# Modifier 25 with 36415



## amoore2986 (Mar 14, 2018)

I have a question in regards to 36415 + 25 modifier.  My denial manager is asking me to add the 25 modifier to 36415 for payment on Tricare claims. In all of my studies I have not seen this to be accurate.  Can anyone validate this for me?

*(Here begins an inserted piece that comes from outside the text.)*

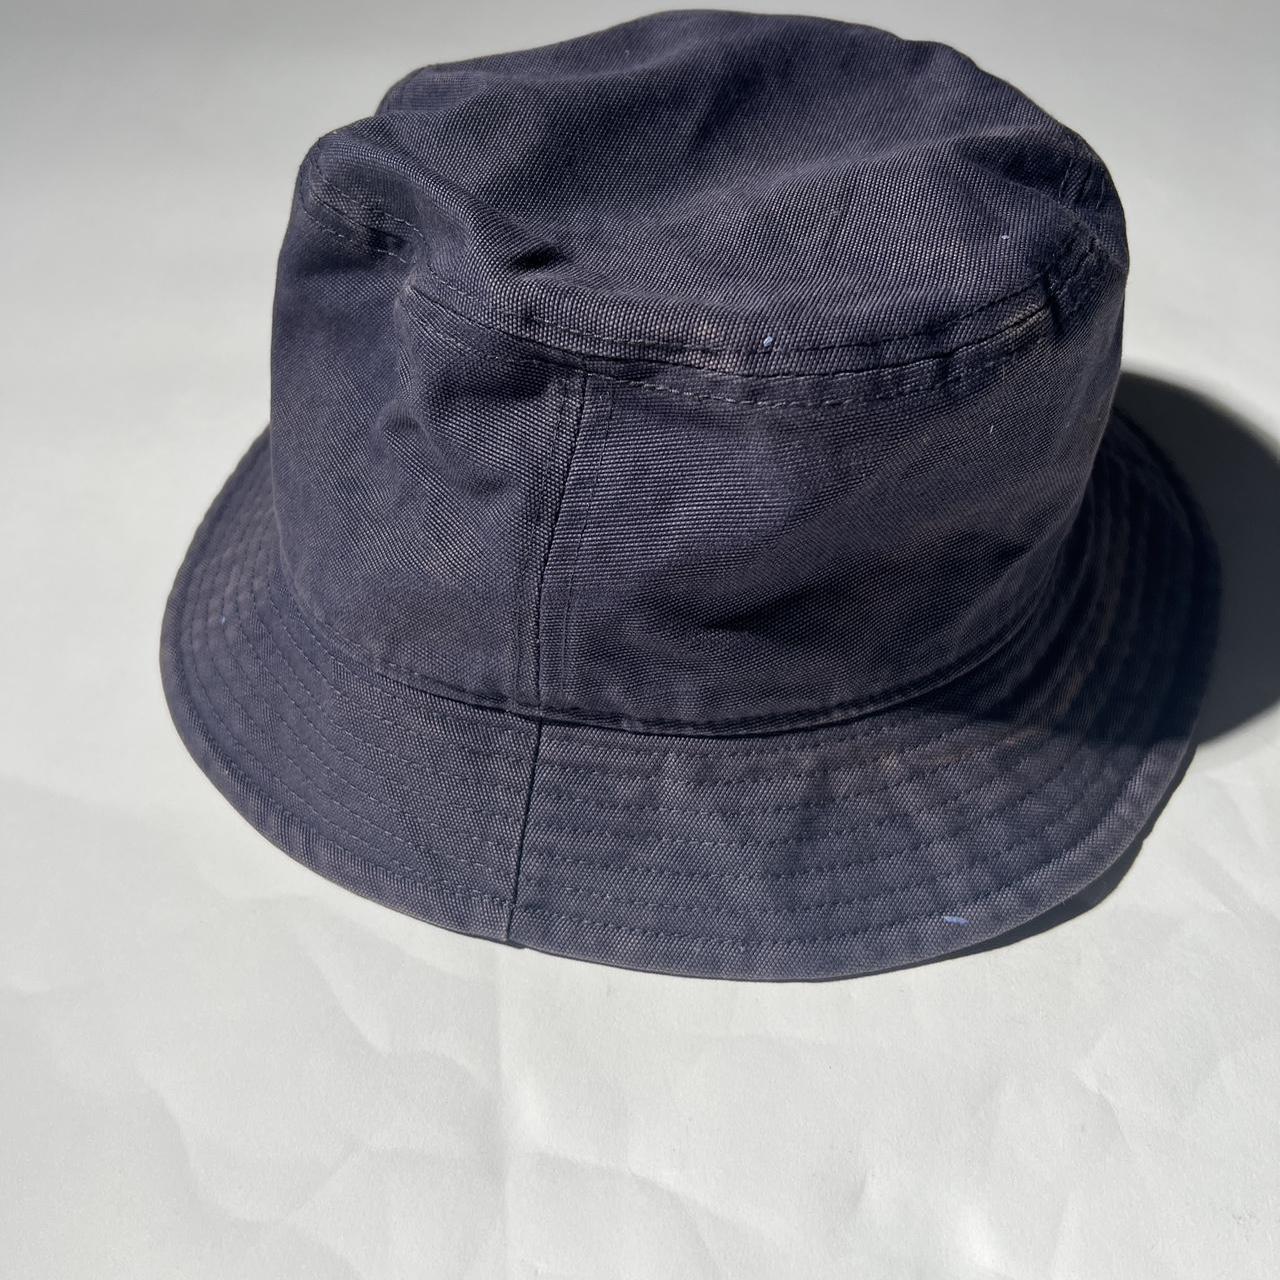 Acne Studios Men's Blue and Navy Hat - 4

Thank you for your advice! It is very much appreciated!


----------



## devinmajor14 (Mar 14, 2018)

You cannot use modifier 25 with this code.


----------



## amoore2986 (Mar 14, 2018)

Thank you!  I did not believe so, but I needed some back up!


----------



## mitchellde (Mar 14, 2018)

Perhaps she meant you need to add a 25 modifier to the E&M code or the 36415 will not be reimbursed.  And that is possibly true with tricare


----------



## amoore2986 (Mar 14, 2018)

Yes, I believe that is what she meant.  Even if there is no surgical procedure? Thanks in advance for the answer.


----------



## mitchellde (Mar 14, 2018)

It is probably because the 36415 is in the CPT section for surgical procedures and that is the way Tricare has set their edits.  Anything in the CPT range of 10000-69999 is designated as surgical.


----------



## amoore2986 (Mar 14, 2018)

Thank you very much.  I will try this on some claims and see what happens. I appreciate your responses. Have a wonderful day!


----------